Copy the result of filtering the entries below for lines that include the string "with".

━━━ STORED DATA ━━━

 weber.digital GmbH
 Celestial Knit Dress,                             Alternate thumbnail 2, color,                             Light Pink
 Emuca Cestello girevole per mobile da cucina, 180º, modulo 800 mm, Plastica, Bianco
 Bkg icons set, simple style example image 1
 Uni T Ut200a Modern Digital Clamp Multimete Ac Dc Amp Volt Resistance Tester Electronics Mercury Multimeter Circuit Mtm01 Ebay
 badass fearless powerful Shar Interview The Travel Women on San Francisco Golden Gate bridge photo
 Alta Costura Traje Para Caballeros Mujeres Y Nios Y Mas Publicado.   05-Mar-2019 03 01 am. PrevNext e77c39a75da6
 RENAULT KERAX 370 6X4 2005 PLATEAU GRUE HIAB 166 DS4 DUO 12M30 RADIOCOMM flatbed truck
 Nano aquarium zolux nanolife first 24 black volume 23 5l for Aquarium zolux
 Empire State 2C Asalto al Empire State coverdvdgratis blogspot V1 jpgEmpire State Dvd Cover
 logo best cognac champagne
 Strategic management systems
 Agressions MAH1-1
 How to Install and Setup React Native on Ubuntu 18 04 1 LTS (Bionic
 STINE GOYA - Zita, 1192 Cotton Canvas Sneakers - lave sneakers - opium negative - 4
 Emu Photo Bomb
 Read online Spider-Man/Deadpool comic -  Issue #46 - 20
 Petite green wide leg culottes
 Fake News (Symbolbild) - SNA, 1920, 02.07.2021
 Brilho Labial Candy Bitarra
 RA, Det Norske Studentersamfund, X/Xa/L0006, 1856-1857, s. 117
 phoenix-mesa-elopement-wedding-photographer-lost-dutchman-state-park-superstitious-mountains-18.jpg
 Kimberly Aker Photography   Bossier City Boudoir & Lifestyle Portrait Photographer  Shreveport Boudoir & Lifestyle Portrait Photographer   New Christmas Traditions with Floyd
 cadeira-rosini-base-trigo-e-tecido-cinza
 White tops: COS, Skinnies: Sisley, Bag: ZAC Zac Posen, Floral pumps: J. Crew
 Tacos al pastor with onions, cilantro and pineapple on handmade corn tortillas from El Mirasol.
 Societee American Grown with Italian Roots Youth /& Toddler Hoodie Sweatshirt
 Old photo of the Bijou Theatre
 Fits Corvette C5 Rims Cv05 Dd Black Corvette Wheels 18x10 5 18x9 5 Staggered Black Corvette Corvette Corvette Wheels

━━━

ANSWER AREA:
 Kimberly Aker Photography   Bossier City Boudoir & Lifestyle Portrait Photographer  Shreveport Boudoir & Lifestyle Portrait Photographer   New Christmas Traditions with Floyd
 Tacos al pastor with onions, cilantro and pineapple on handmade corn tortillas from El Mirasol.
 Societee American Grown with Italian Roots Youth /& Toddler Hoodie Sweatshirt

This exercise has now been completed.